Still afraid you’ll push him away? Think of it this way, if you communicate with complete integrity and that guy disappears again. The truth is, he would never come first. So really you have nothing to lose.

5. What to say if you want to know why he disappeared

Wanting to break up or feeling like you deserve some sort of explanation as to why he disappeared is perfectly natural. If this is your case, it’s best to call, but you can also feel free to communicate by text. But don’t go too deep into the text.

It will only serve to confuse him and things could eventually get worse. If you think this might happen, call him.

Be warned that the termination option is never as satisfying as you want it to be. Especially if somewhere deep down you secretly hoped it was all just a mistake. That he’s full of regret and really wants you after all.

Let’s say he sent you a version of…. “Hi”, “Hi, how are you” or “How are you?”.

Your example response: “Hey! I am well thank you. I haven’t heard from you in a while, what have you been up to? …”

This is polite but assertive. He knows you won’t pretend he’s not gone. But with that wording, he has an easy opportunity to let you know where he’s been.

Then, when he feels like you’ve started your answer, you can kindly let him know that you won’t be giving him another chance.

That while you really enjoy spending time with him, you don’t see him as someone who has the emotional maturity you look for in a partner. Then, set a threshold that you prefer that he respects your request and ends all communications with you.

6. When he disappears and reappears, let him go

You might not want to hear this, but in my experience, letting him go without any explanation is usually the best option. Awesome 95% of the time.

Men who disappear and reappear don’t usually offer the breakup you think you need.

You’ll never really know why, in a way, that’s really good. Because, anyway, feeling rejected is not good. It doesn’t matter the reason.

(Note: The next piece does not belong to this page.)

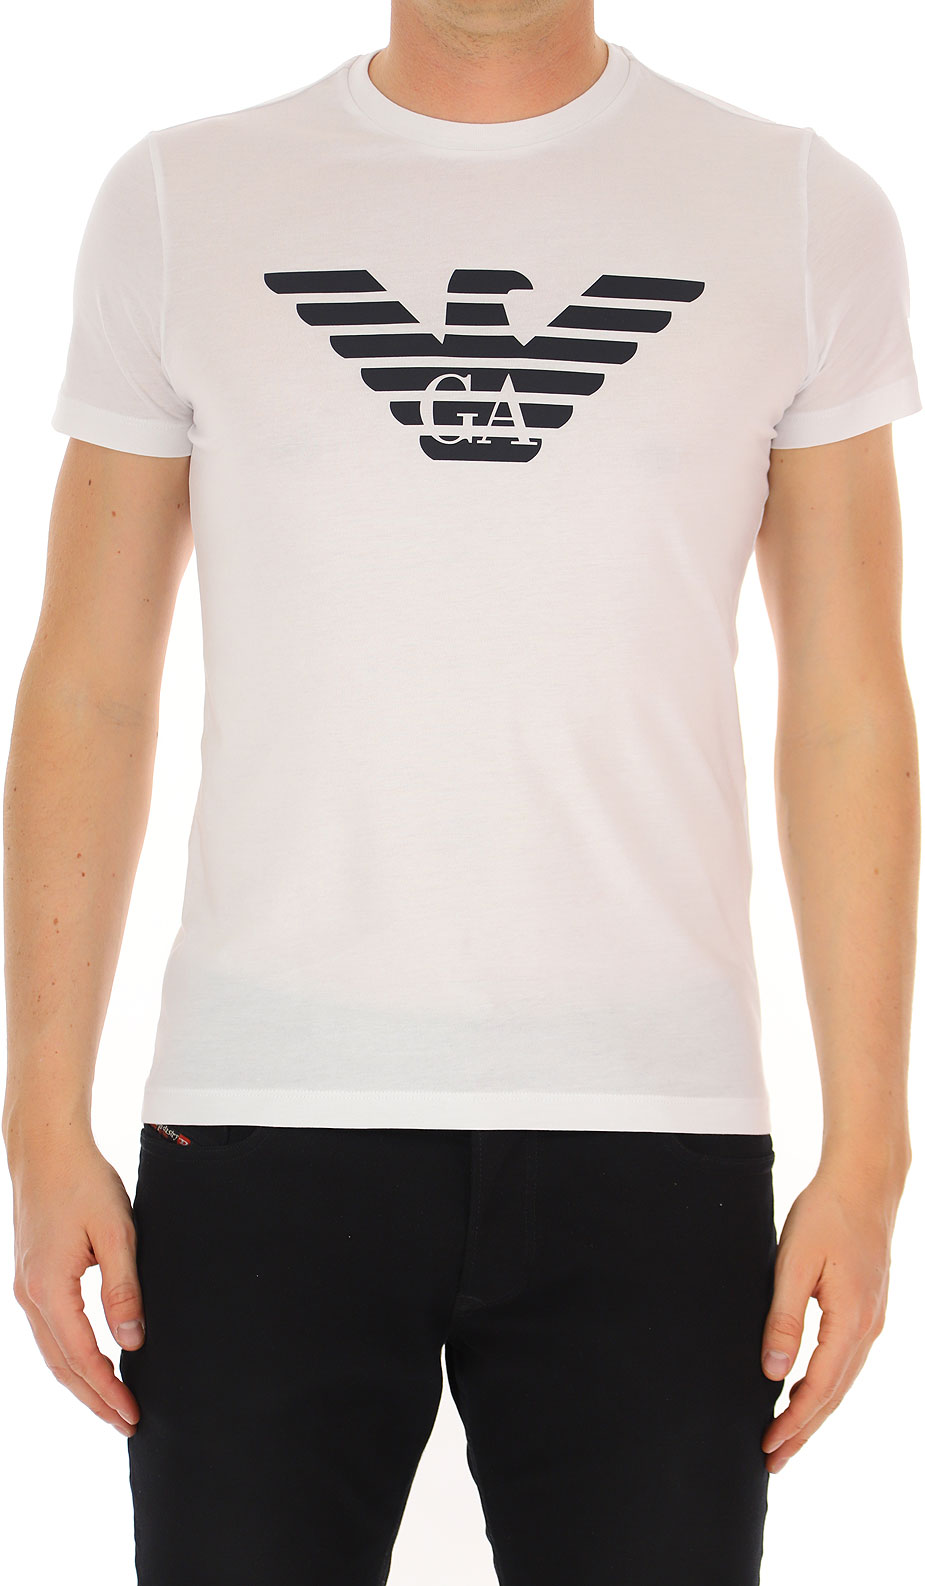 Mens Clothing Emporio Armani, Style code: 8n1t99-1jnqz-0100

Ignore. Delete. block. Move on. Let him go.

There may be several excuses for him to disappear and then come back. But that doesn’t make him right for you.

It’s okay to say no to what you don’t want, so you can say yes to what you want.

Men who deserve your time and attention won’t fantasize about you and reappear out of nowhere later. They won’t play. They live being sincere. Your actions match your words. They will get them to communicate with you. A man who can maintain a healthy partnership with you will treat him as a priority, not an option.

Now you know what to do when he reappears after disappearing. Never settle for less than you deserve. Don’t settle for men who only give you crumbs. Look for the man who shows that he respects you, and that he values ​​your time and attention.